* [Task directions]: Once you find the line containing "提醒！湘西、湘中、湘东北部分区域发生突发性地质灾害风险较大" in the data below, copy it and each following line exactly, up to and including the line containing "Symbolbild mit Einfamilienhäusern", and nothing else.

* [Exercise data]:
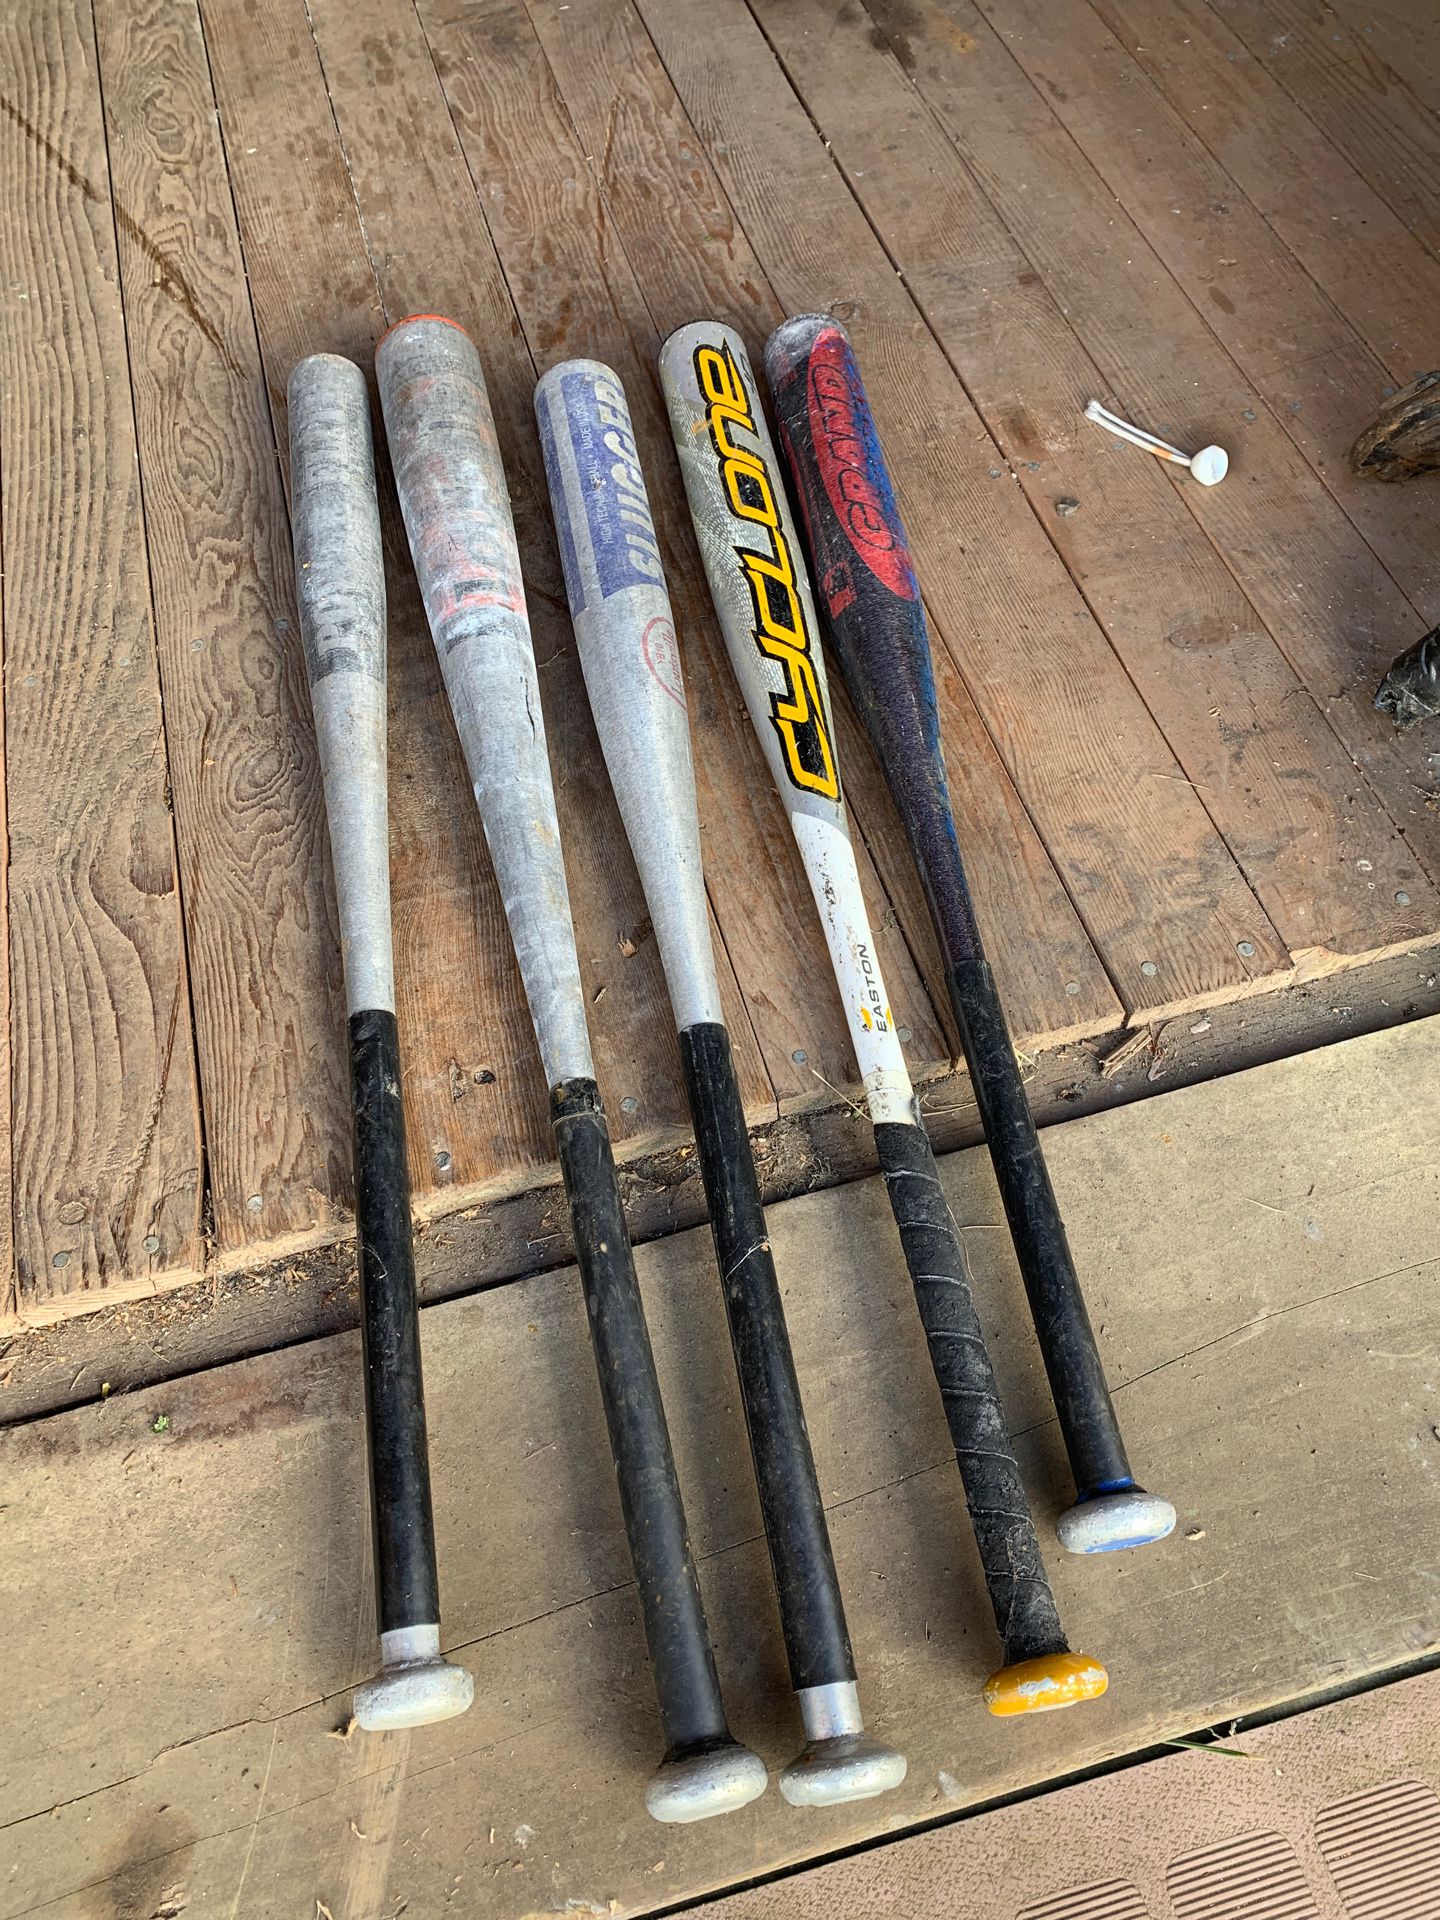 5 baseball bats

==

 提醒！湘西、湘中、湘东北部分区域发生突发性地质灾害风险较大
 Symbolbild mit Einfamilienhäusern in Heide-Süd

* [Result of this task]:
 提醒！湘西、湘中、湘东北部分区域发生突发性地质灾害风险较大
 Symbolbild mit Einfamilienhäusern in Heide-Süd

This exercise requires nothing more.